### About this task
The result should be every line of the listing that contains "modelo".

——

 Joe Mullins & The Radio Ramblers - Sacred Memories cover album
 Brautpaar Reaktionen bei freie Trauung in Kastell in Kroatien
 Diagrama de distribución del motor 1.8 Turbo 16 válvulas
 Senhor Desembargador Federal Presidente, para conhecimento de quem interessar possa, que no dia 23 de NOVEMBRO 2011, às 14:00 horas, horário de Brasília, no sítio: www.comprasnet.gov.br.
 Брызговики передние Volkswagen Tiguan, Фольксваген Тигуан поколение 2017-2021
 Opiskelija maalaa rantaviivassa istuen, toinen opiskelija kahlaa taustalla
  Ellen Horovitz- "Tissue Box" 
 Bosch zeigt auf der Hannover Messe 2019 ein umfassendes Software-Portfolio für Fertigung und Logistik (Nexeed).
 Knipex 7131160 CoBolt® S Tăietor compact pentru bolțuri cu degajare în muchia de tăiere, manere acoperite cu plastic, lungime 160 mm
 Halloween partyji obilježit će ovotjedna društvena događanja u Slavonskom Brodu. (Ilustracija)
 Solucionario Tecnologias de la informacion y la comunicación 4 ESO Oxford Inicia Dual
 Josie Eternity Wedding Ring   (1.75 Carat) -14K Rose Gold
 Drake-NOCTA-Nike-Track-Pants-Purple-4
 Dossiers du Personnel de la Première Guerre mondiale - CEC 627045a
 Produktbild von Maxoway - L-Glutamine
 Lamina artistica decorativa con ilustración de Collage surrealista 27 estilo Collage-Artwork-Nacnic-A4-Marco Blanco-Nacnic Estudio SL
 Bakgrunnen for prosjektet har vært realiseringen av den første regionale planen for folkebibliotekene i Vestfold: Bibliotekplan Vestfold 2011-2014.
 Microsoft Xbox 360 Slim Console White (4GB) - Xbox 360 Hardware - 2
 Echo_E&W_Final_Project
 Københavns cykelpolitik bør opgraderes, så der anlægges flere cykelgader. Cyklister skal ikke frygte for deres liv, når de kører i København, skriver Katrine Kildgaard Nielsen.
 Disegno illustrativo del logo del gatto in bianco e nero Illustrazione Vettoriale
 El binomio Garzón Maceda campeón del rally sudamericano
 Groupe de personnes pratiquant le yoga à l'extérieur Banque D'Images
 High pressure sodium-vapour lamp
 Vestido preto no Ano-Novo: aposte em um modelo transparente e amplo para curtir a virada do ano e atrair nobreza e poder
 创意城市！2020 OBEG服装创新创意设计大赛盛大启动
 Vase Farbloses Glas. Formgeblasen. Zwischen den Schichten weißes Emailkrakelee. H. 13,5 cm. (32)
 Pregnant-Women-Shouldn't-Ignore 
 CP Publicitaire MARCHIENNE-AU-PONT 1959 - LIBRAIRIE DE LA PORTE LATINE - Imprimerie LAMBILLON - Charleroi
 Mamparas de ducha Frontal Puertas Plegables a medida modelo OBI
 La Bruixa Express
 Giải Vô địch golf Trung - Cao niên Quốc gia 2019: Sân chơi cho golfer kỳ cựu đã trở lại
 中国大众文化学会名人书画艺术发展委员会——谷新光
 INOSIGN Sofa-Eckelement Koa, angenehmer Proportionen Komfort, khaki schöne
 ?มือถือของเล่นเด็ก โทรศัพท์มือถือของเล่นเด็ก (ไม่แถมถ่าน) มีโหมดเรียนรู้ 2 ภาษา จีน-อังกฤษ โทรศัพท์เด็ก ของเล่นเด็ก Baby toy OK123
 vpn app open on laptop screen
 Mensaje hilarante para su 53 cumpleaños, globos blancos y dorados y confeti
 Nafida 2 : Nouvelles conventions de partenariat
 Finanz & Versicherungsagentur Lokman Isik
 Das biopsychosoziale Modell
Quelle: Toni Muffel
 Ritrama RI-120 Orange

——

### Output of the task
 Vestido preto no Ano-Novo: aposte em um modelo transparente e amplo para curtir a virada do ano e atrair nobreza e poder
 Mamparas de ducha Frontal Puertas Plegables a medida modelo OBI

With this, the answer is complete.